> EXERCISE DIRECTIONS
Beneath this instruction is a block of data; output from it exactly the lines that run from the one containing "Pixilart Spider Mansprite" through the one containing "1080x1920 Cyberpunk 2077", inclusive.

> MATERIAL TO PROCESS
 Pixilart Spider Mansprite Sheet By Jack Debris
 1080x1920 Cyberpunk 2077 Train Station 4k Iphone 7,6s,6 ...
--
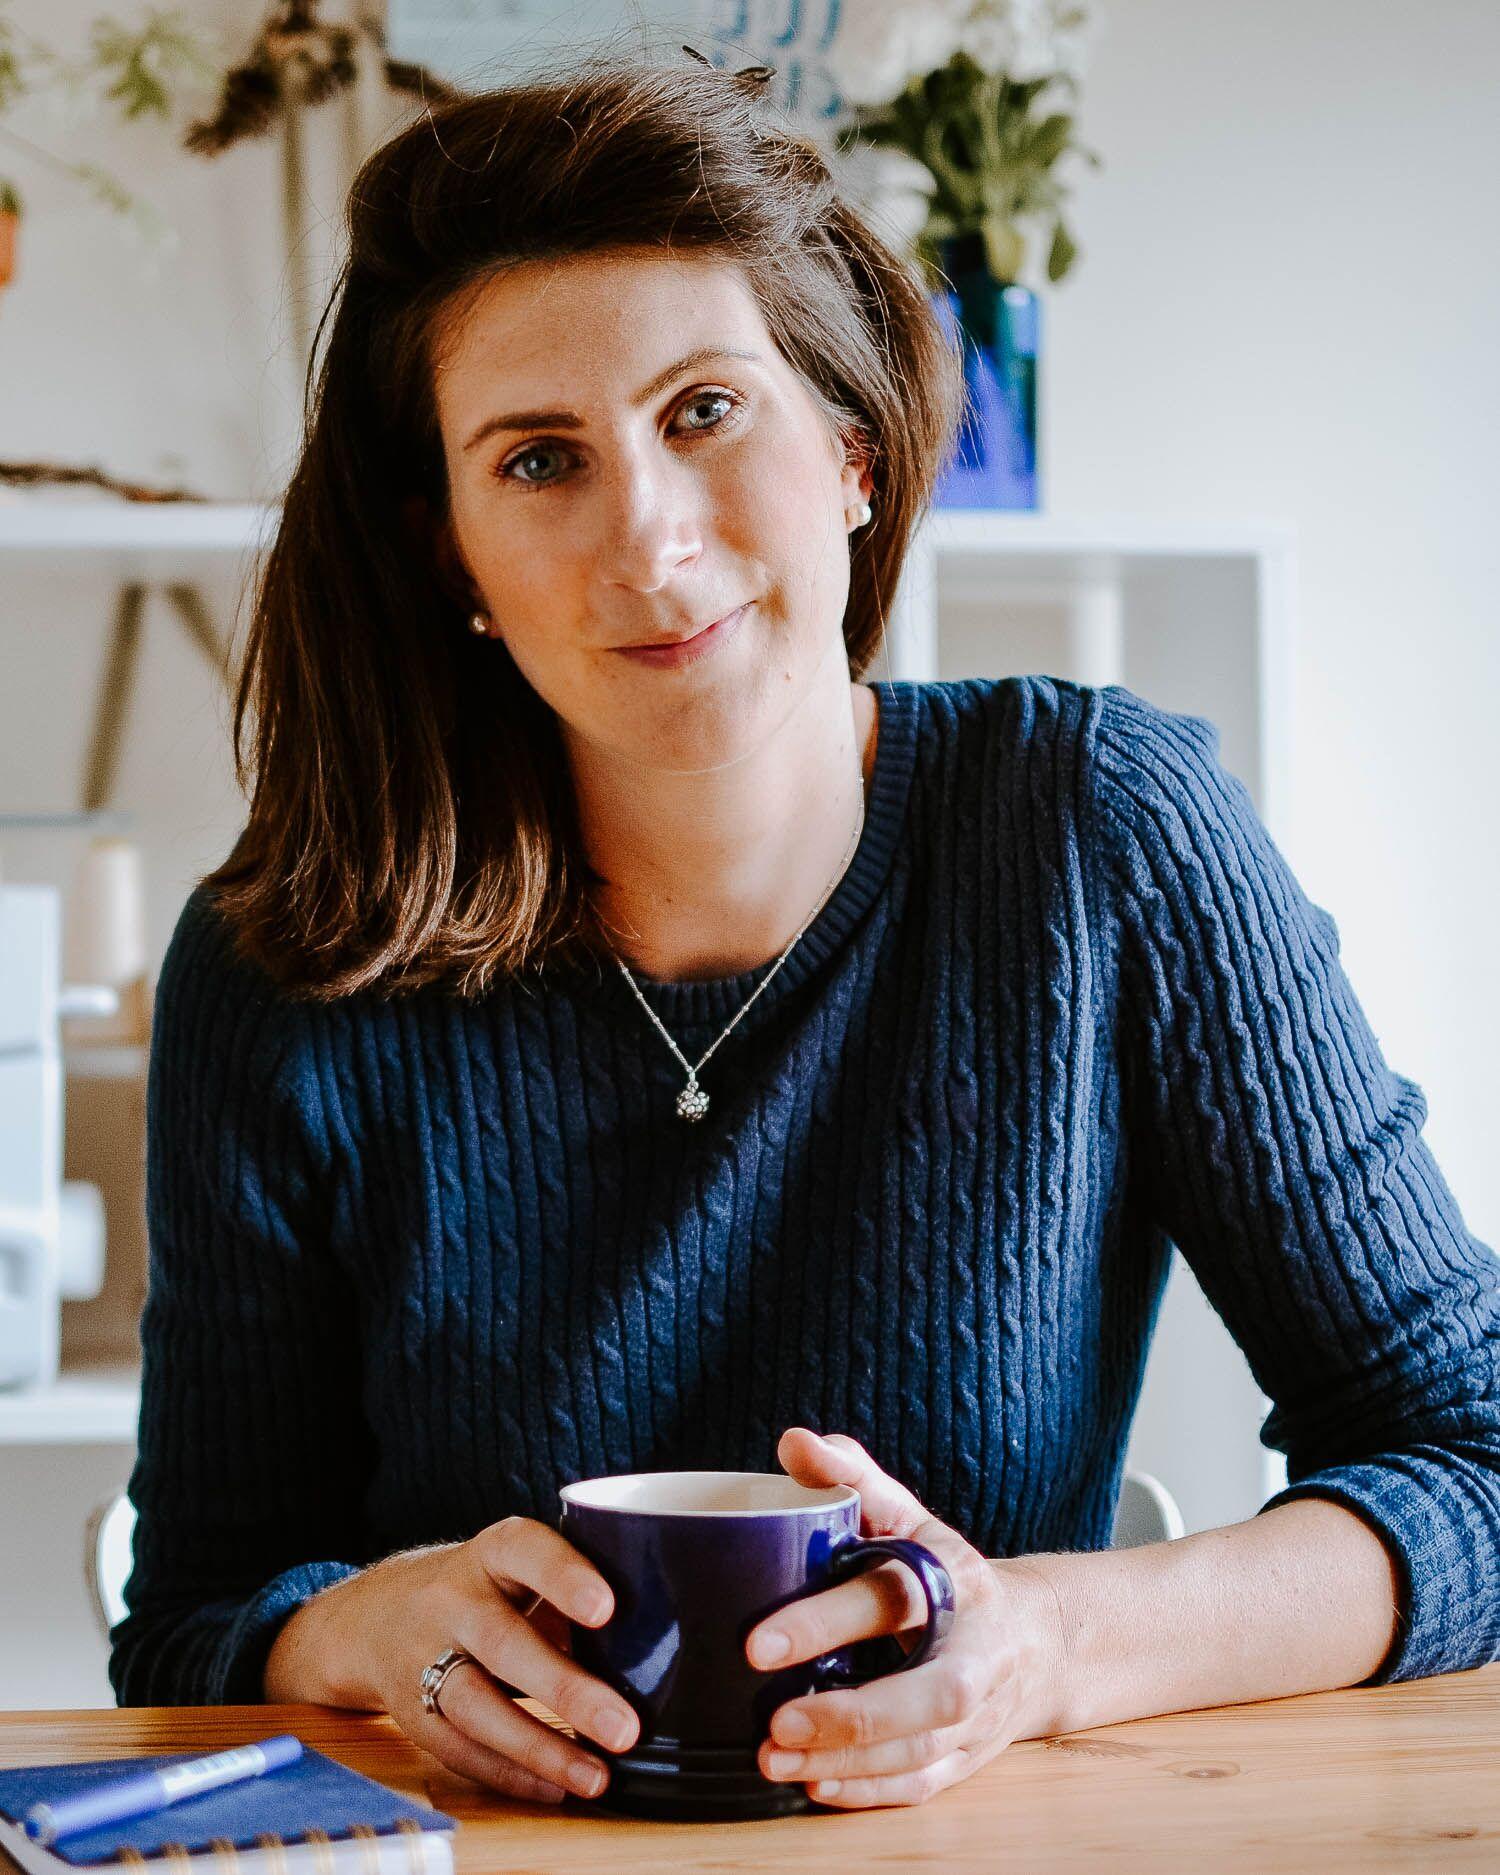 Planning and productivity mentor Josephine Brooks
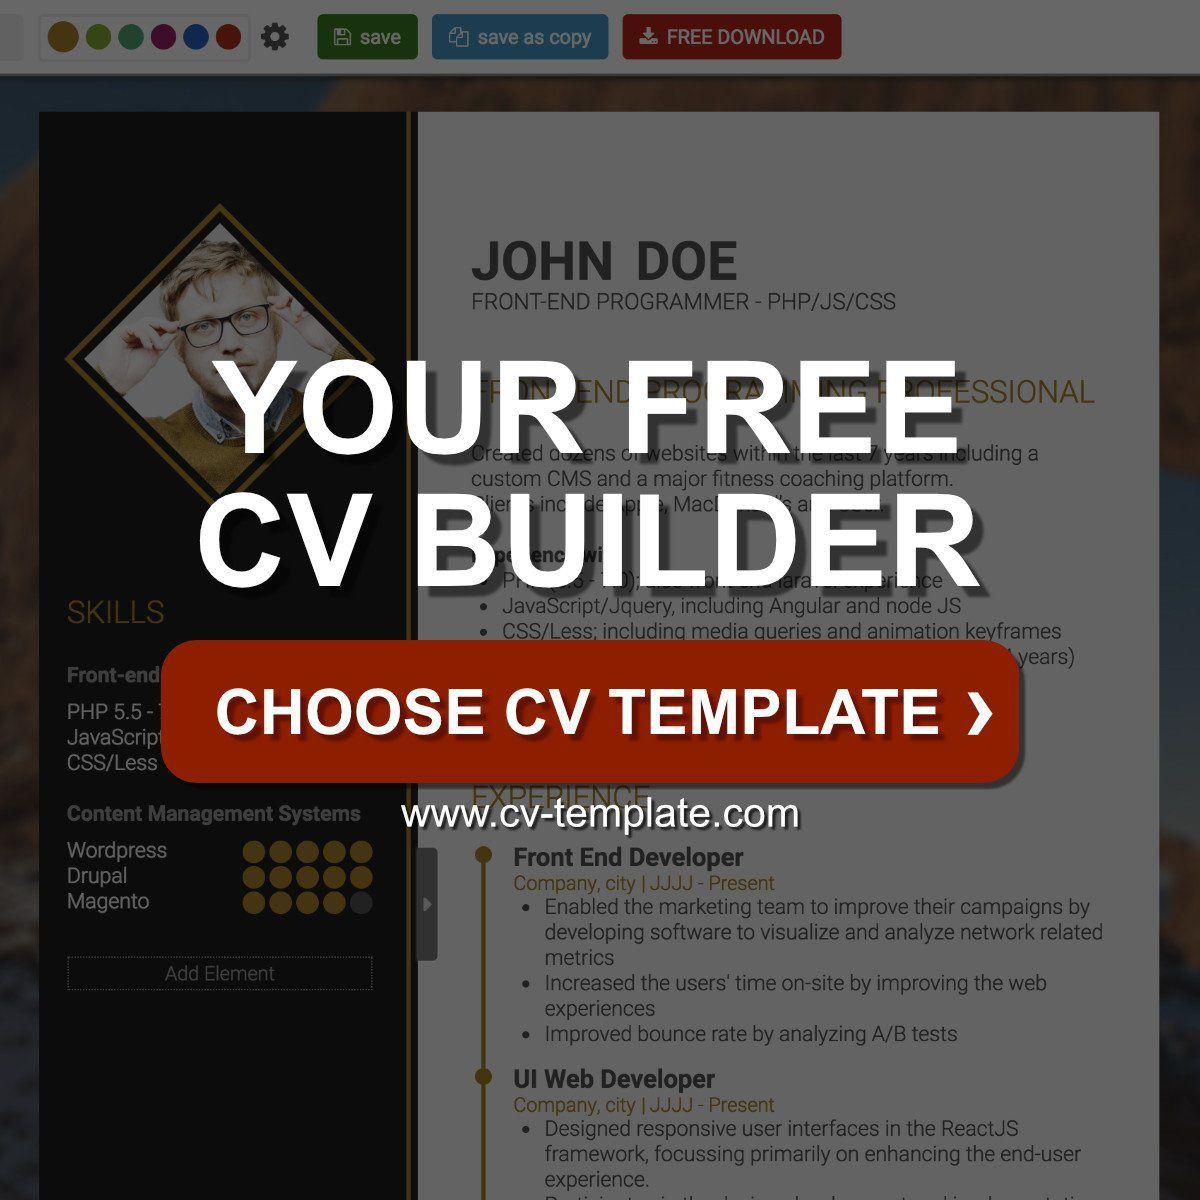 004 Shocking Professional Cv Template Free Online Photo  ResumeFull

> RESPONSE TO THIS EXERCISE
 Pixilart Spider Mansprite Sheet By Jack Debris
 1080x1920 Cyberpunk 2077 Train Station 4k Iphone 7,6s,6 ...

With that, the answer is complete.